Сванидзе, ты Сванидзе,
Тебя, поймав за хвост,
В подъезде бомж откиздел, —
Вот весь и холокост!..

Евреи — страдальцы. И русские — страдальцы. Чечены — страдальцы. Но у евреев — свои звери. У русских — свои звери. У чеченов — свои звери. Великий грех — отбирать у русских авторитет русский, принижать страдание русское, а гнев русский не замечать — опасное занятие.
Даже Гавриил Попов, один из самых ярых потрошителей СССР, Москвы и России, 5 апреля 2000 года, завопил: «Берегите русских!..» Да, без русских, полууничтоженных «ревтрибуналами» и «ревтройками», доносами и расстрелами, раскулачиваниями и коллективизациями, борьбою с «шовинизмами русскими», погубленных войнами, без русских — не быть России живою! Так-то. Даже Гавриил Попов догадался: катастрофа величайшая, гибель России, неотвратима, когда русский народ кинут на прозябание и подлую насмешку уродам.
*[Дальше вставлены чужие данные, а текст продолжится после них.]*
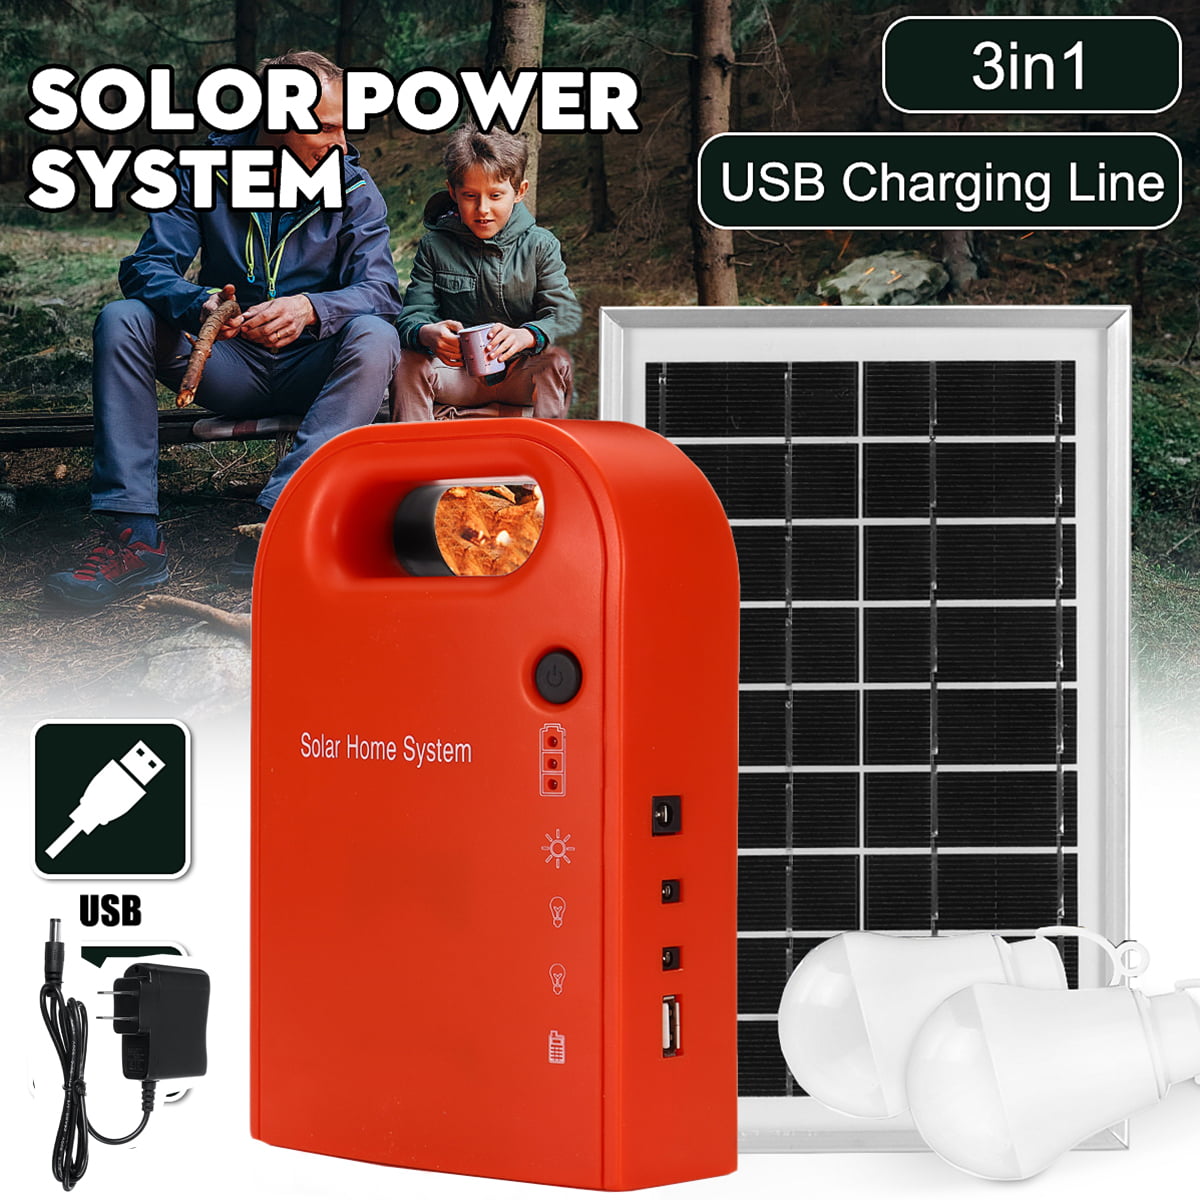 Portable Hanging Generator Camping LED Solar Flash Light Emergency Phone Charger

Завопил в «Независимой газете».
Владимир Бондаренко не наивный мальчик, а солидный человек, почти литолигарх: пошатывает на пьедестале Александра Блока, специально к бессмертному Есенину притыкивает, рядом, русскоязычного Высоцкого:

Нет острых ощущений. Все — старье, гнилье и хлам.
Того гляди, с тоски сыграю в ящик.

Или:

Сосед другую литру съел —
И осовел, и опсовел

Или:

Ах! Время — как махорочка.
Все тянешь, тянешь, Жорочка.

Или:

Две бывших балериночки
В гостях у пацанов.

Поц — член, если перевести с еврейского на русский… Владимир Бондаренко мне, рядовому русскому поэту, к моему юбилею широко распахнул двери в газету «Завтра», целую полосу дал, а вот блестящему Вас. Федорову и для строчки в «Дне» не нашлось места… Да и — Павлу Васильеву, Алексею Недогонову, Петру Комарову, Павлу Шубину, Дмитрию Кедрину, Борису Ручьеву, десять лет оттрубившему на Дальнем Севере за «пропаганду упаднических стихов Есенина»… Не нашлось…
Зато «околорусским» стихам «околорусских» поэтов — простор:
«Мы — как изгои средь людей». Смотрите — каки… згои…
«И балуются бомбою». Смотрите — ибал… уются…
Нельзя Высоцкого сравнивать, еврейско-русского барда, с мучеником, Христом Русским — Сергеем Есениным: Бог покарает, нельзя! Смертный грех нельзя брать на себя и на русский народ, нельзя. Нельзя же, говорю еще раз и еще раз говорю!.. Сергей Есенин:

Клен ты мой опавший, клен заледенелый,
Что стоишь нагнувшись под метелью белой?

Стихия — русская поэзия, злая или приветливая, но — стихия, но — вьюга белопенная, но — душа летящая, а тут — бард: рациональное, циничное, прозаичное, обескрыленное — как бухгалтерия, как — доллар, как рубль… Да и вместе с Борисом Ручьевым ли Высоцкий кайлил Колыму? Кто и когда утеснял Высоцкого? Почему «День» молчит о строчках Василия Федорова, равных есенинским:

Руки Глаши
Если обовьются,
Их уже ничем не разорвать.
Губы Глаши
Если улыбнутся,
До сухотки будешь тосковать.

Русское-то ведь понимать надо: его, «русское-то», не зазастить ни двумя, ни тремя бардами, ни одним, ни двумя «русскими» поэтами, оно, «русское-то», поэту — награда за любовь к России, оно, «русское-то», не доверяет себя «широте» и «раскрутке» в газете ли, на экране, на конкурсах или на сцене… Нельзя лгать русскому народу, нельзя от имени русского народа нерусские замыслы исполнять… Народ — храм: нельзя озоровать перед иконами, нельзя! У Высоцкого в каждой строфе — ляп.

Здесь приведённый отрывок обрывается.